▸ EXERCISE DATA:
^^^^^^^^^^^^^^^^

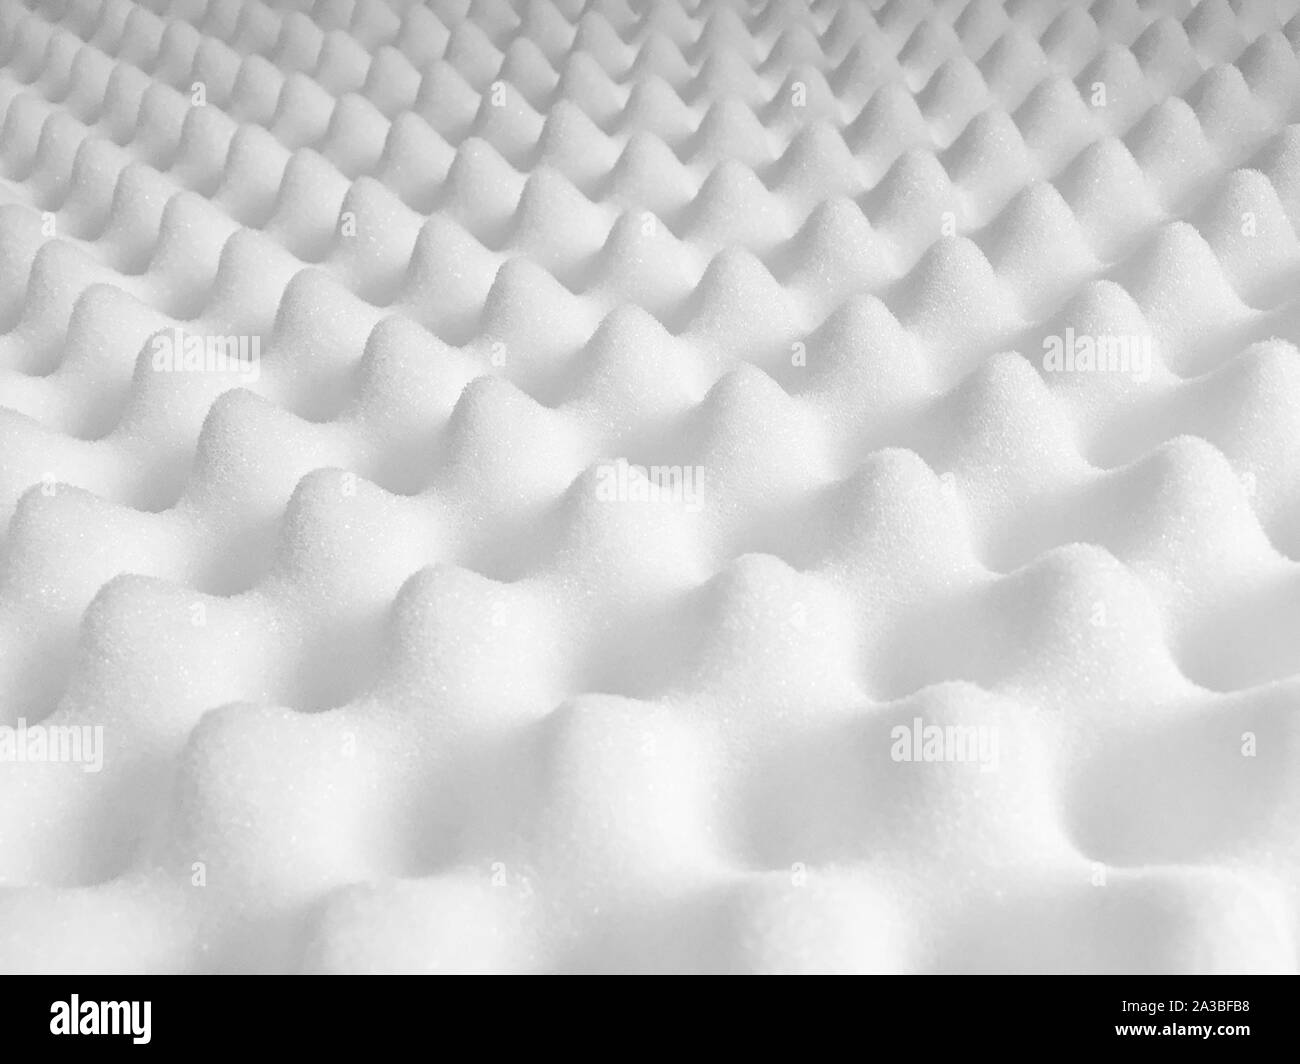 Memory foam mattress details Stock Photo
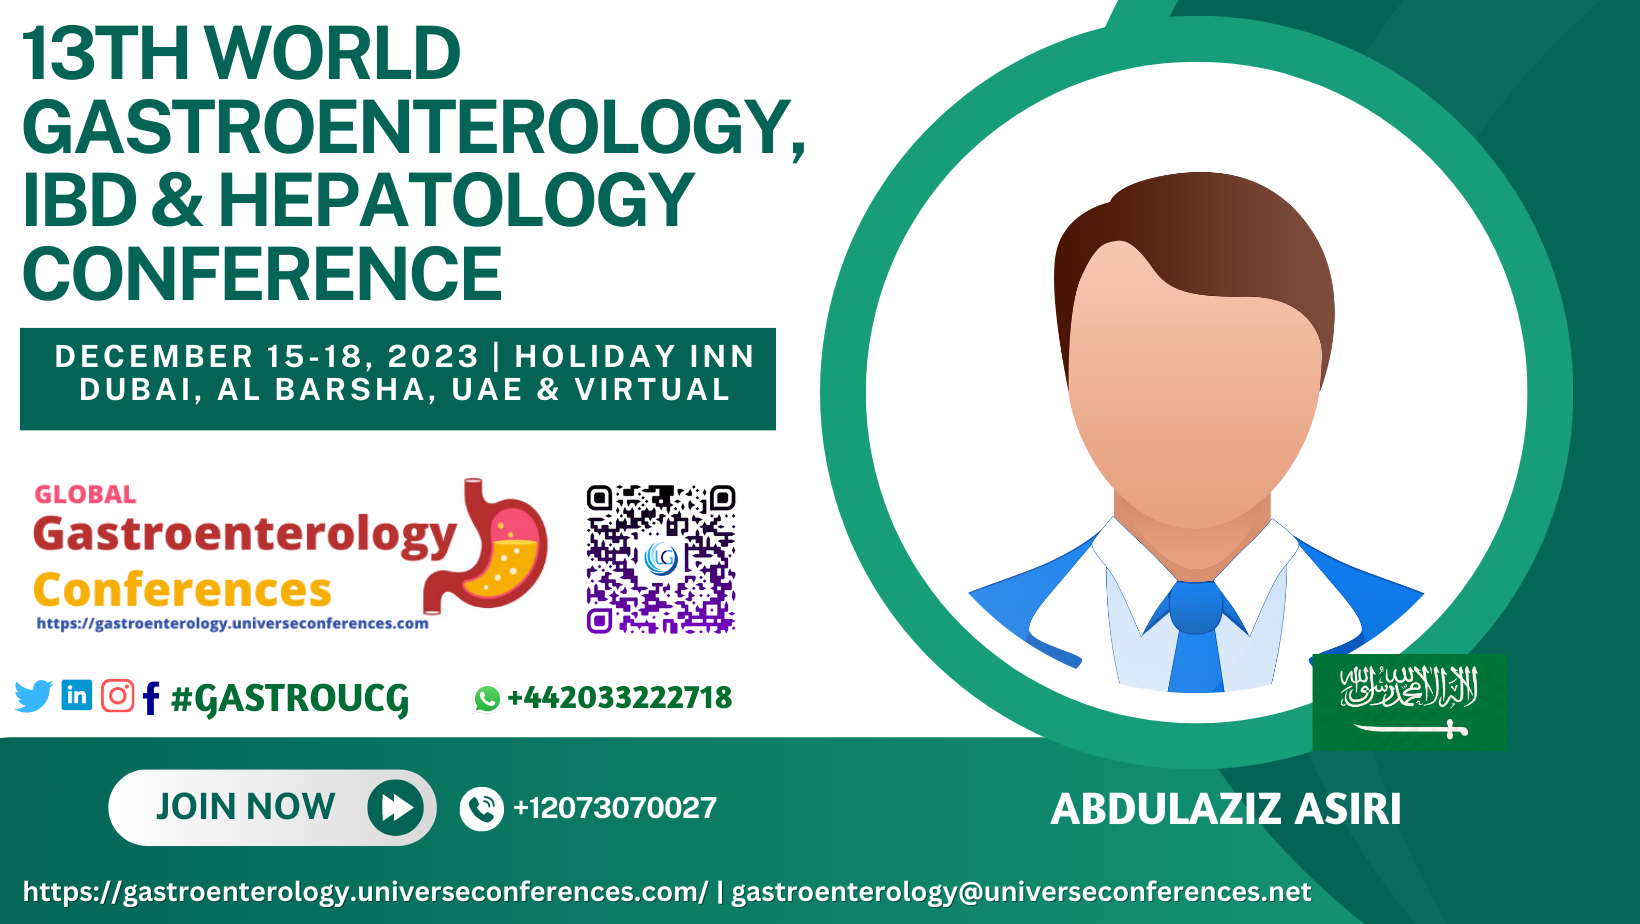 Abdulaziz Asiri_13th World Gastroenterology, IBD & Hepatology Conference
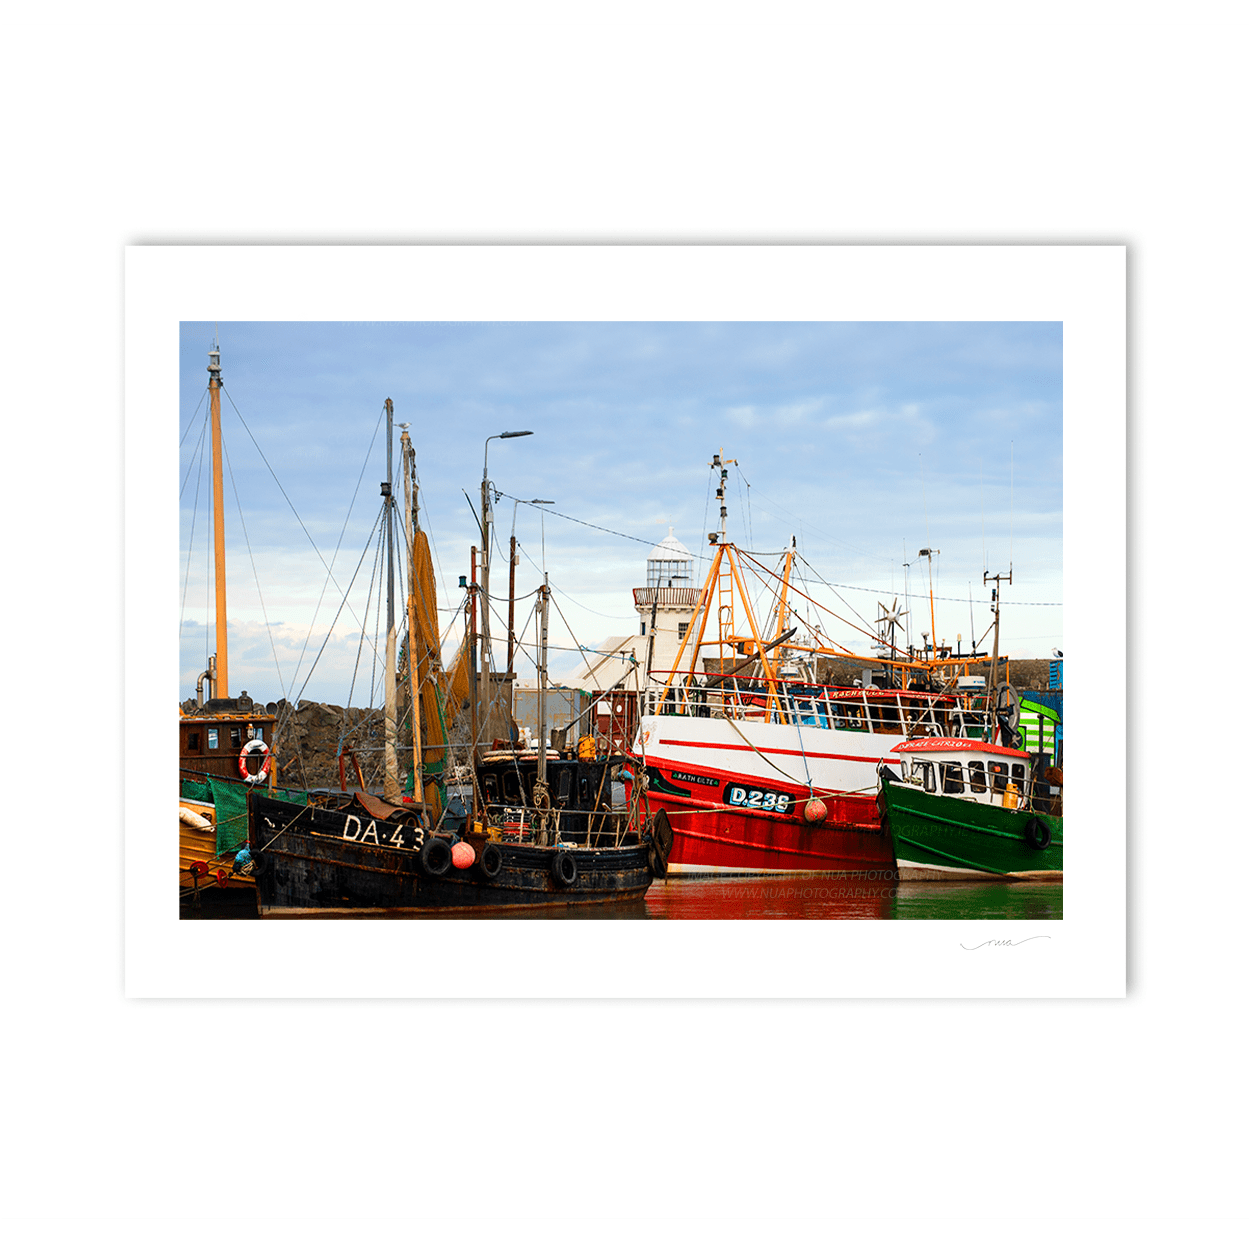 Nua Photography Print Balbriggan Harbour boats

^^^^^^^^^^^^^^^^

▸ WHAT YOU SHOULD DO:
Copy the listing above word for word. Do not include the pictures.

▸ RESPONSE AREA:
 Memory foam mattress details Stock Photo
 Abdulaziz Asiri_13th World Gastroenterology, IBD & Hepatology Conference
 Nua Photography Print Balbriggan Harbour boats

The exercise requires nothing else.